Data from: Comparing regression-based approaches for identifying microbial functional groups
Data files
May 06, 2025 version files 11.82 KB
-
data_figure2.mat
2.44 KB
-
data_figure3.mat
3.06 KB
-
data_figureS2.mat
1.19 KB
-
data_figureS3.mat
2.82 KB
-
README.md
2.31 KB
Abstract
Microbial communities are composed of functionally integrated taxa, and identifying which taxa contribute to a given ecosystem function is essential for predicting community behaviors. This study compares the effectiveness of a previously proposed method for identifying ``functional taxa,'' Ensemble Quotient Optimization (EQO), to a potentially simpler approach based on the Least Absolute Shrinkage and Selection Operator (LASSO). In contrast to LASSO, EQO uses a binary prior on coefficients, assuming uniform contribution strength across taxa. Using synthetic datasets with increasingly realistic structure, we demonstrate that EQO's strong prior enables it to perform better in low-data regime. However, LASSO’s flexibility and efficiency can make it preferable as data complexity increases. Our results detail the favorable conditions for EQO and emphasize LASSO as a viable alternative.

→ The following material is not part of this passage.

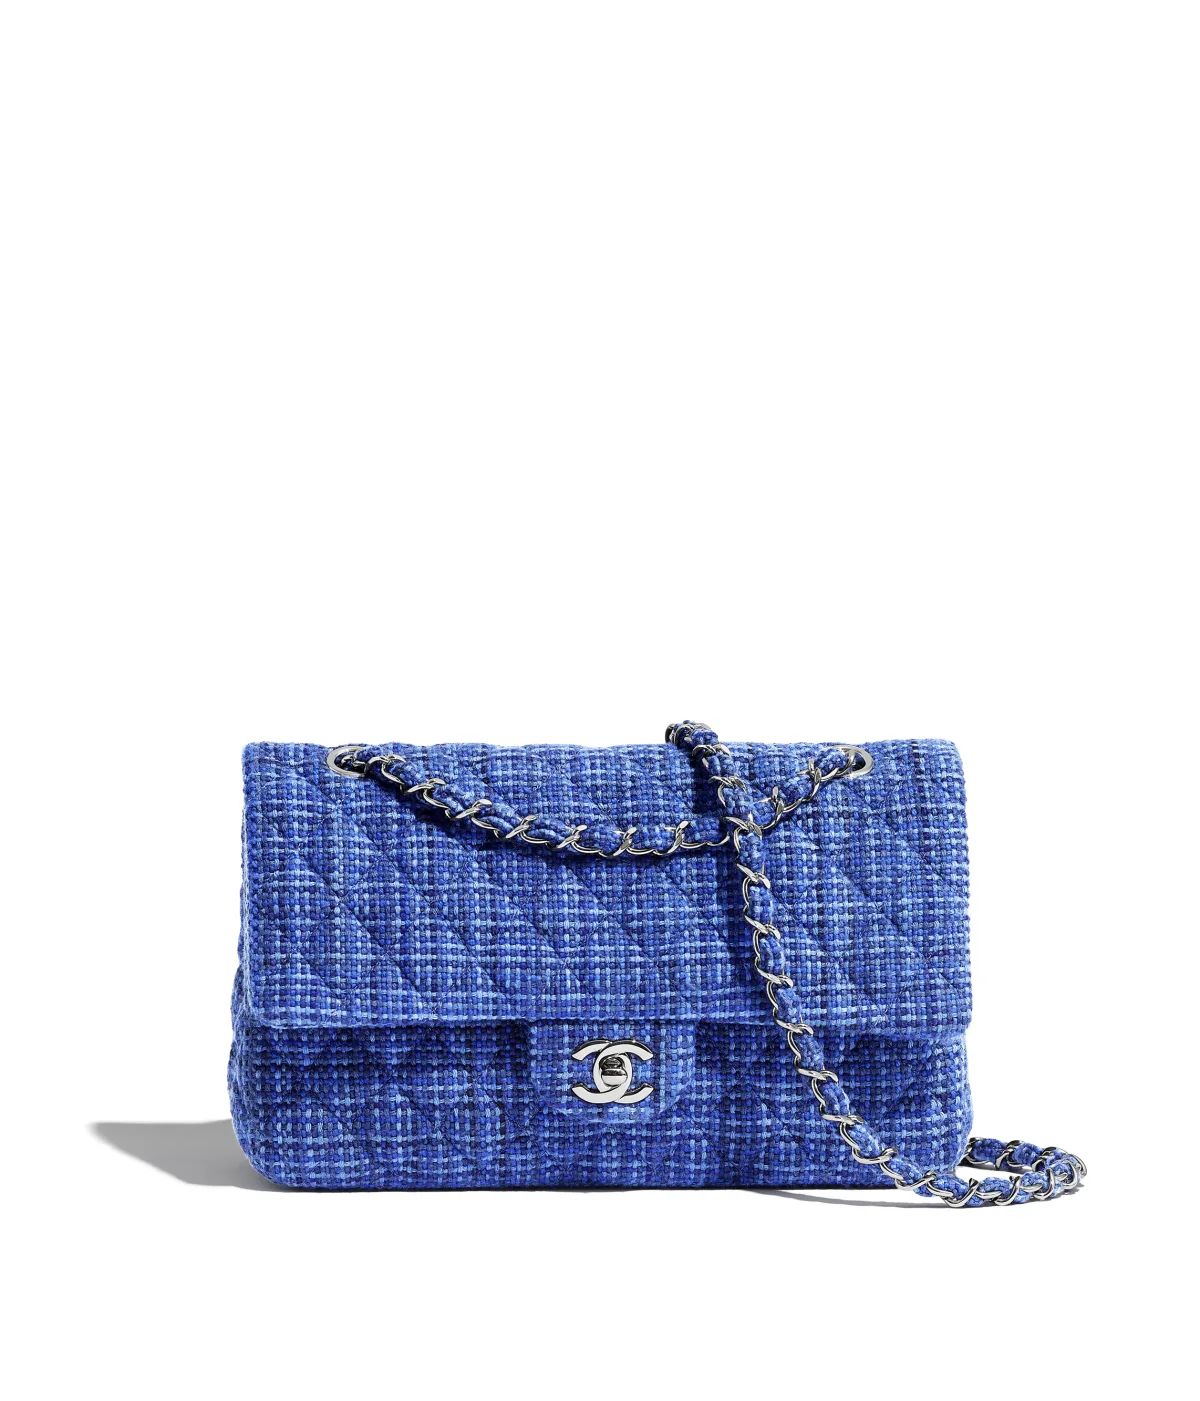 Klassische Tasche, tweed & silberfarbenes metall, blau - CHANEL | Chanel, Inc. (US)
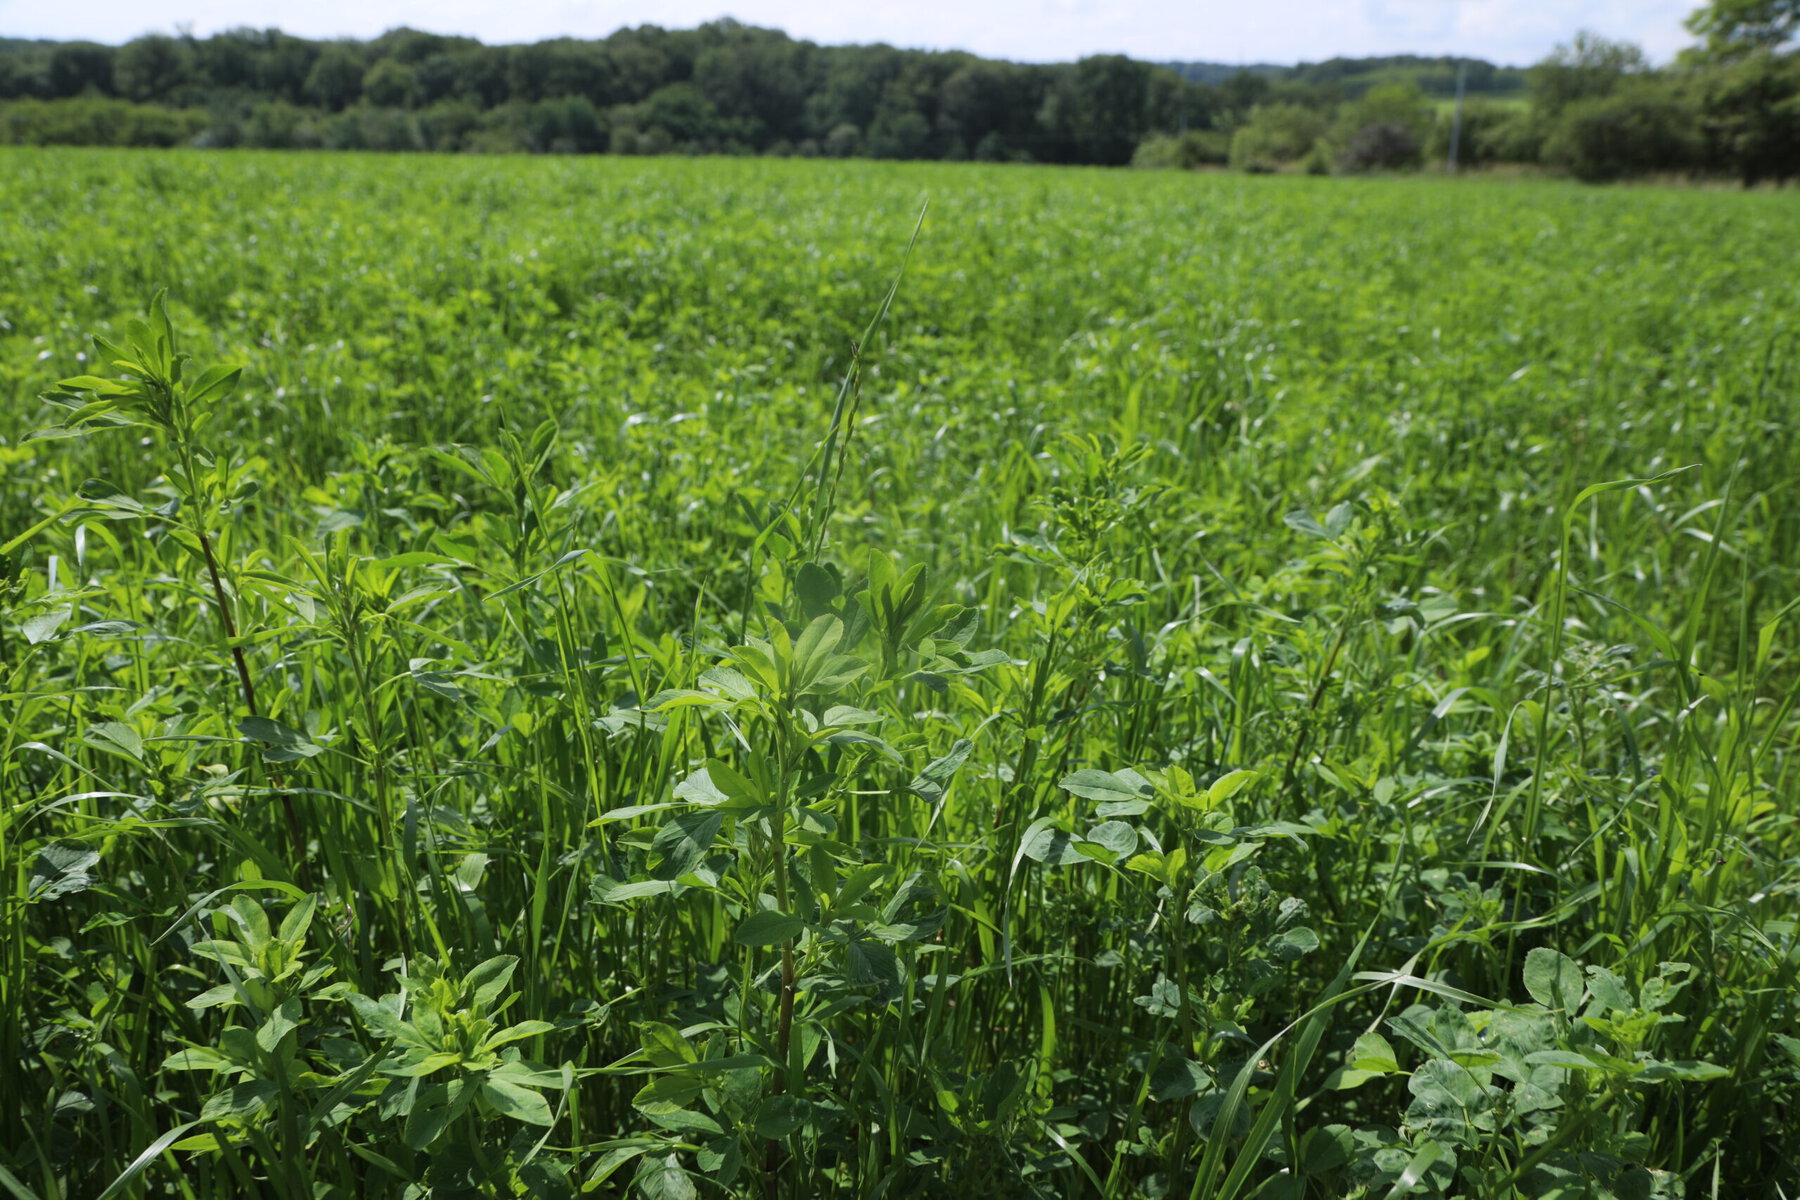 Alfalfa, which helps improve soil fertility, on Jerome Forgeot's farm

https://doi.org/10.5061/dryad.n8pk0p366
Description of the data and file structure
The data was generated from the RUN_ME.m script in the attached code for plotting the figures shown in the article.
Files and variables
File: data_figure2.mat
Description: Data used to generate figure 2.
Variables
- data: A data structure with fields:
- LASSOMapA: A structure with field 'accuracies' -- a matrix representing the accuracy heatmap for LASSO under binary ground truth
- EQOMapA: A structure with field 'accuracies' -- a matrix representing the accuracy heatmap for EQO under binary ground truth
- LASSOMapB: A structure with field 'accuracies' -- a matrix representing the accuracy heatmap for LASSO under non-binary ground truth
- EQOMapB: A structure with field 'accuracies' -- a matrix representing the accuracy heatmap for EQO under non-binary ground truth
- accuracyGapChange: A structure with field 'accuracies' -- a matrix representing the heatmap of accuracy gap between EQO and LASSO under non-binary ground truth
File: data_figure3.mat
Description: Data used to generate figure 3.
Variables
- data: A data structure with fields:
- varyFracReal: Accuracies of LASSO and EQO under varying fraction of real taxa
- varyPhylo: Accuracies of LASSO and EQO under varying strength of phylo-dependency
File: data_figureS2.mat
Description: Data used to generate figure S2.
Variables
- data: A data structure with fields:
- LASSO: LASSO accuracies under different noise level
- EQO: EQO accuracies under different noise level
File: data_figureS3.mat
Description: Data used to generate figure S3.
Variables
- data: A data structure with fields:
- LASSO: LASSO accuracies and std's under different cutoff values
- EQO: EQO accuracies and std's under different cutoff values
Code/software
Import data into MATLAB to view it. Download scripts, navigate to the directory containing RUN_ME.m and run RUN_ME.m (code files under Zenodo) in MATLAB to generate the resulted figures (uploaded to Zenodo as supplemental files) from the computed data, or from scratch.